A free spectacle of colour and music - without the deafening noise usually associated with fireworks - is being promised by the Mqabba fireworks factory this evening in a show starting at 9.45 p.m.

The sound and light show by the winners of this year's Malta Fireworks Festival, held earlier this year over the Grand Harbour, is best seen and heard from along the Mqabba bypass.

The St Mary Fireworks Factory belongs to the King George V Band Club, set up in 1910. It has been setting off fireworks to music since 1997.

This means that, because of the need to synchronise the two, the loud bags heard in traditional fireworks displays are absent.

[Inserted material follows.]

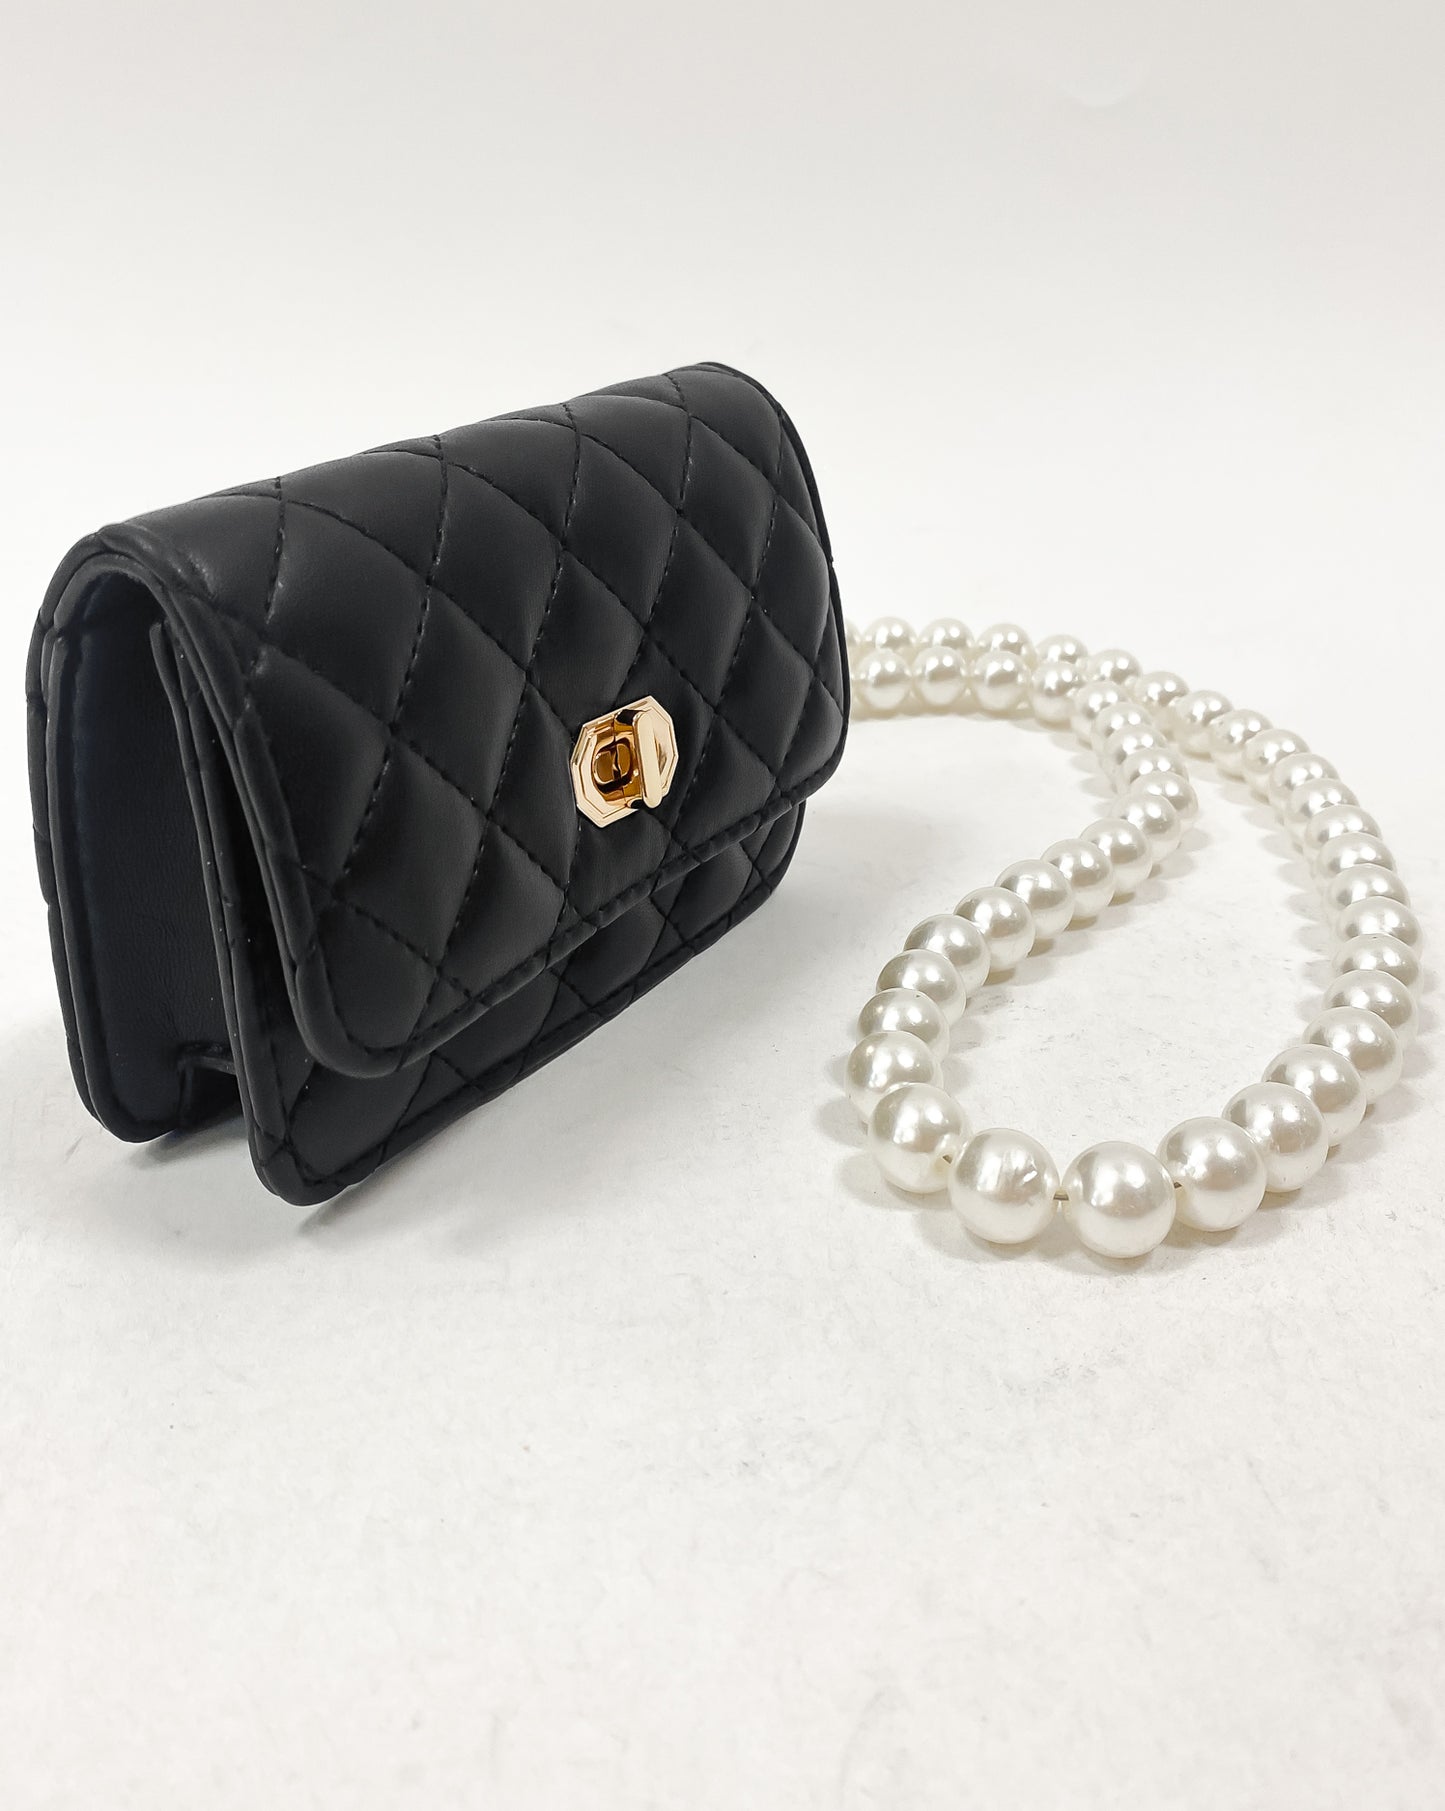 黑色 PU 皮革絎縫珍珠鏈條包 *預購*
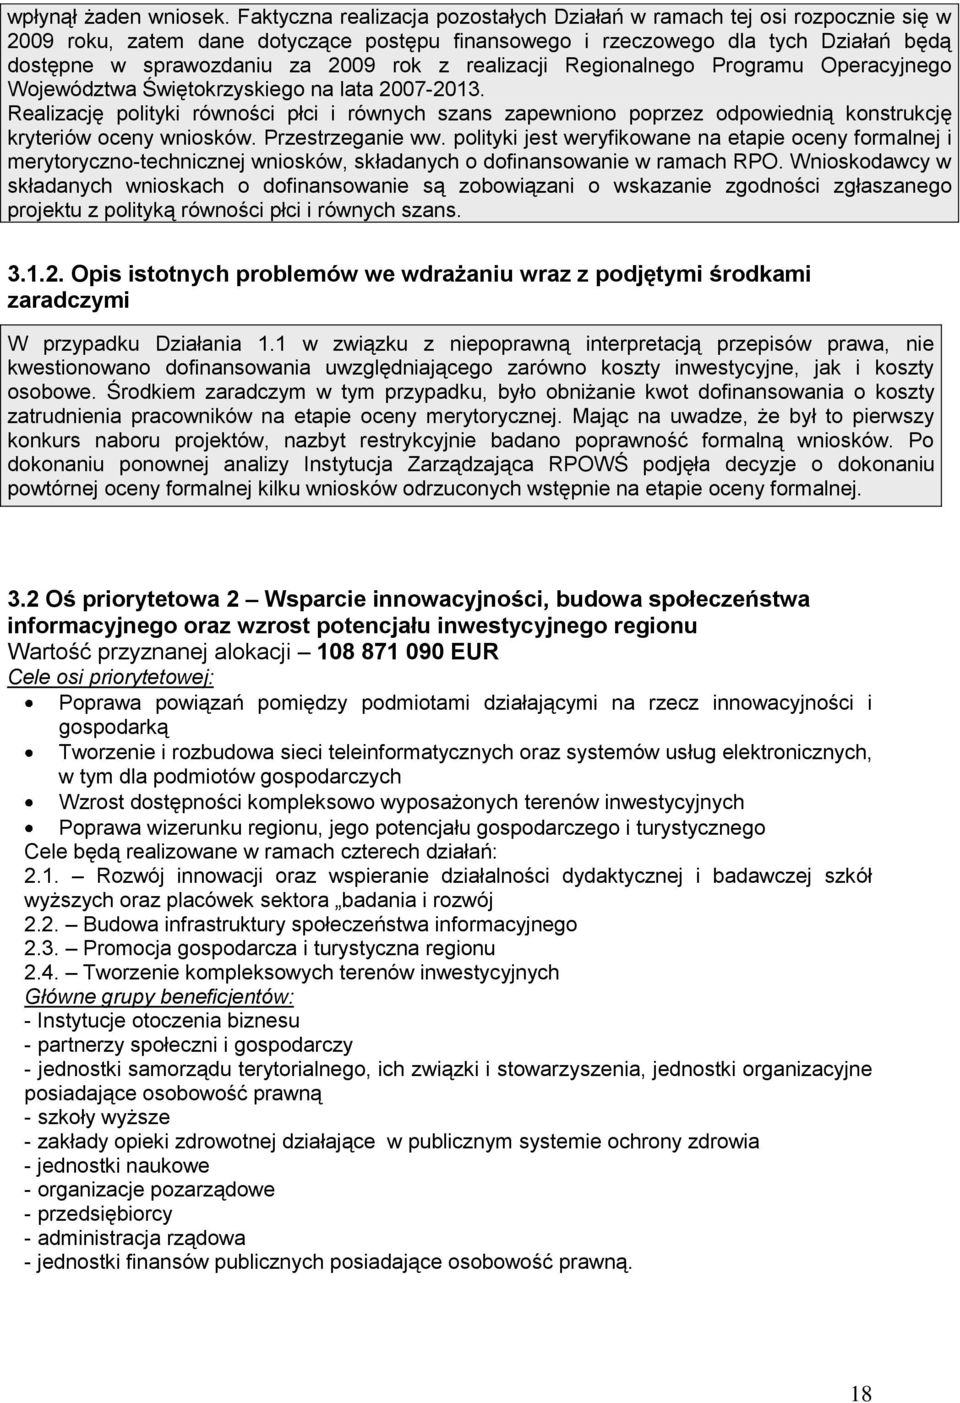 realizacji Regionalnego Programu Operacyjnego Województwa Świętokrzyskiego na lata 2007-2013.

"Naturally there is always an explosion - the fireworks have to explode to reveal their pattern - but it's not the deafening noise one is used to. We produce traditional petards too, but for shows the accent is on having a spectacle," fireworks manufacturer Ronald Zammit said.

Mr Zammit has just turned 40 and has been making fireworks for the past 12 years. Like many of the enthusiasts around the island, he learnt the skill through friends.

Patterns of Maltese crosses or stars are not what the Maltese are generally accustomed to seeing in fireworks displays at village feasts. And that's just two of the visual effects the Mqabba factory, with its 20 licensed pyro-technicians, is creating. "In addition to those who make the fireworks, we have a number of volunteers who help with cutting the cardboard and laying the pipes from which the fireworks are launched. We have to install hundreds of pipes and it's a laborious task both to fix them in place as well as to remove them after the feast," Mr Zammit said.

The launching pipes range in diameter from 2.5 to 30cm. Because petards are set off by computer during the sound and light show, no one is anywhere near them at the time.

The petards are put into the pipes the day before and are then wired so that they are fired "in step" with the music. Different sized petards explode at different heights, depending on the music.

In spite of changes in technology, there are still some old hands at the St Mary factory. The oldest licensed technician is Censu Galea, known as is-sulut, who is 68.

"The technique and manufacture of fireworks have changed over time but Censu adapted well and is very versatile to work with," Mr Zammit said. Some petards are huge, with a 25cm diameter standing some two metres tall and weighing around 40 kilogrammes.

Still basking in the glory of having won the festival, the enthusiasts at St Mary nevertheless have words of praise for the work done by their rivals.

Lija's St Michael Fireworks Factory, renowned for the magnificence of its fireworks displays, had won two awards, namely best colours and best shells, at the aforementioned festival while St Mary won three of the five categories - best synchronisation to music, best choreography and the prize for original fireworks - as well as the overall prize given by the international jury and the popular vote by the public.